Ну и, наконец, "великий и ужасный" Жолдак с "Москвой-Петушками". Тут раскол среди критиков и зрителей, как говорится, налицо. Как налицо и мощный личный прорыв, который совершил в этом спектакле необузданный в своих формальных поисках режиссер. Он наконец отошел от несколько затянувшегося в его биографии периода after-Касторф, то бишь отказался от облюбованного им вслед за немецким мэтром жанра непрерывной сценической истерики, и выпустил спектакль глубокий, возвышенный и мудрый. С несколькими прекрасными актерскими работами (особых слов заслуживает выдающийся артист Эймунтаса Някрошюса Владас Багдонас, раскрывшийся совершенно по-новому в роли Венички). Неистовый радикал сумел найти фантастически точный театральный эквивалент тем "американским горкам", на которых катается сам автор текста, - от материально-телесного низа к надмирным высотам. И то, как соединяются в этом спектакле Жолдака метафорическая струя и фарсовая стихия, достойно, на мой взгляд, отдельного театроведческого исследования.
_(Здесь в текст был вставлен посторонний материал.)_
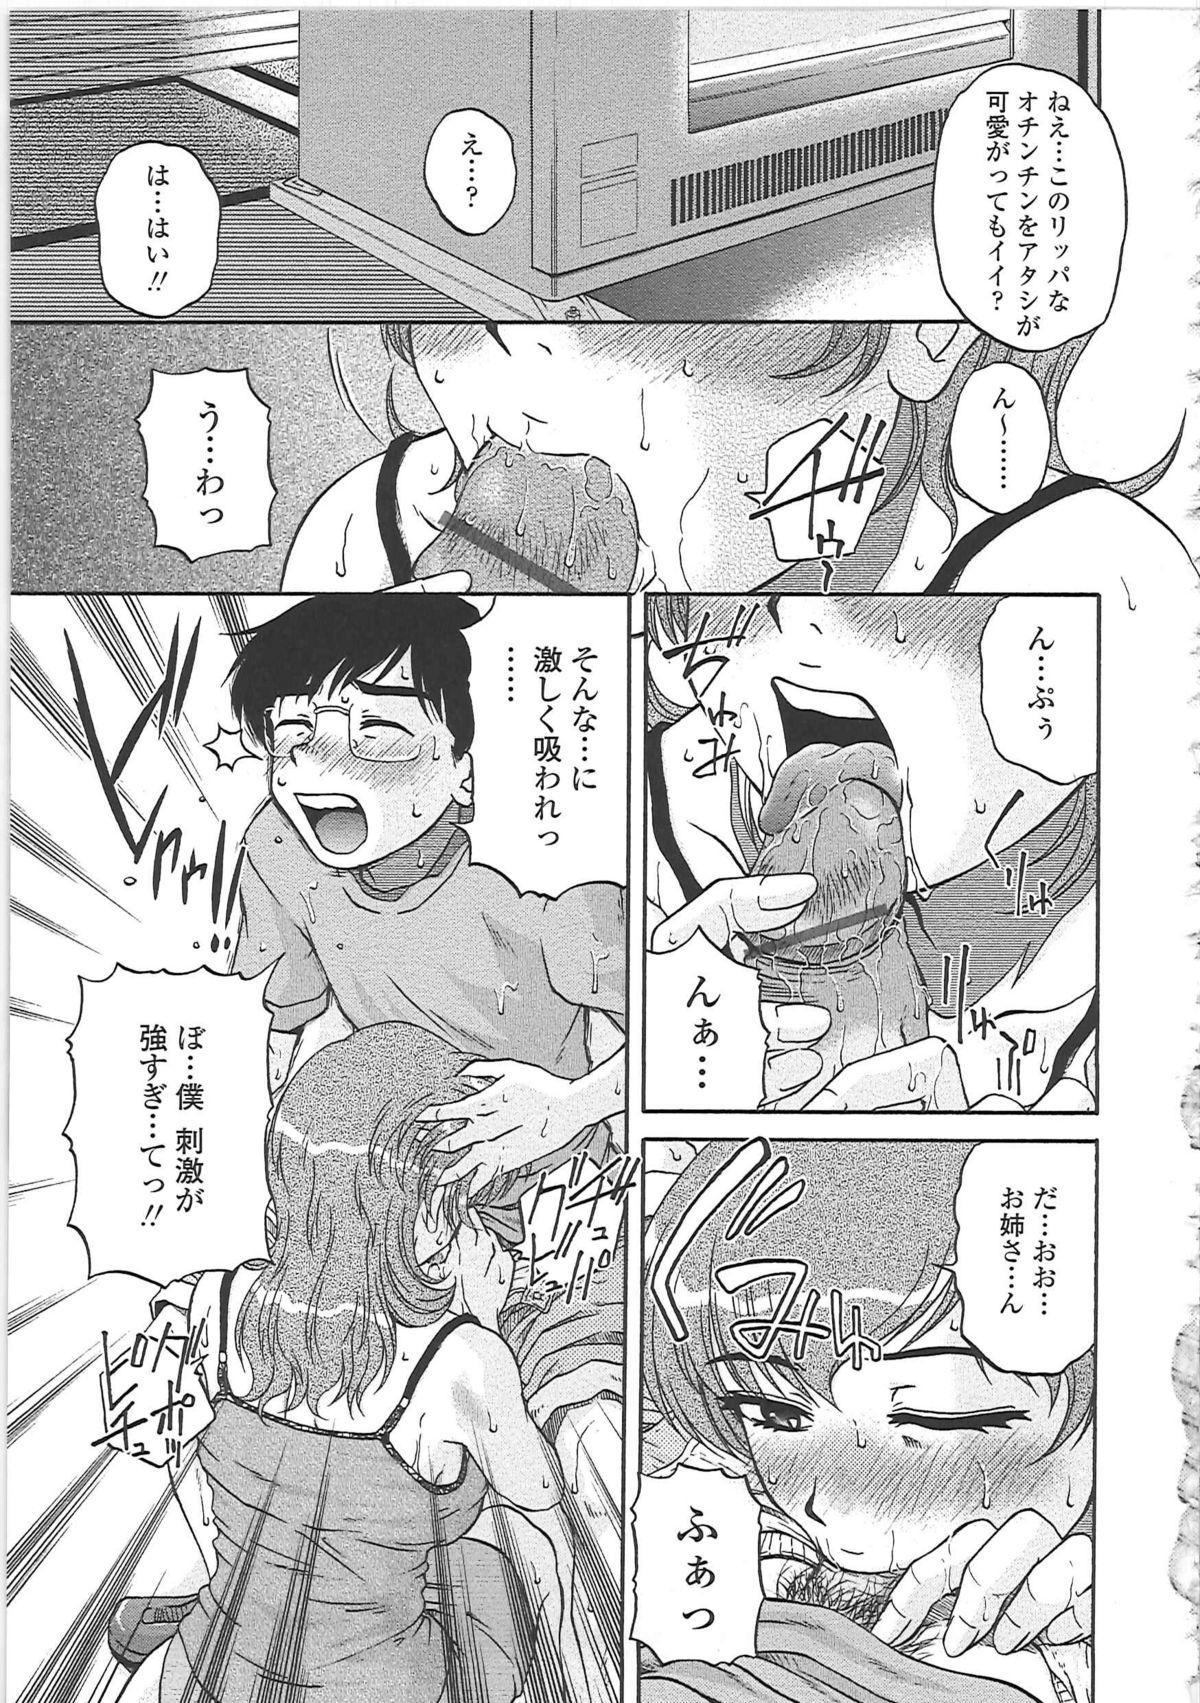 Nikuzuma Tsuushin - Erotic Wife Communication 153

Призвавший Жолдака под свои знамена Сергей Шуб, известный руководитель питерского фестиваля-театра "Балтийский дом", где и была выпущена премьера, совершил поступок, который впору назвать мужественным. Собирать питерскую публику в огромный зал "Балтдома" - задача вообще не из легких, а уж в случае с непредсказуемым Жолдаком она кажется и вовсе невыполнимой. Но, во-первых, зал все же собирается, а те зрители, которые досиживают-таки до конца этого четырехчасового зрелища, устраивают настоящую овацию. А во-вторых (точнее, как раз - во-первых), именно такие поступки потом входят в историю театра. Зато милые, скромные, не вызывающие никаких нареканий премьеры моментально забываются. В минувшем году спектакли, которые войдут в историю театра, были поставлены именно в Питере. Остается надеяться, что в 2011 году они появятся и в Москве. Ведь именно ради них искусство театра, вообще-то говоря, и существует.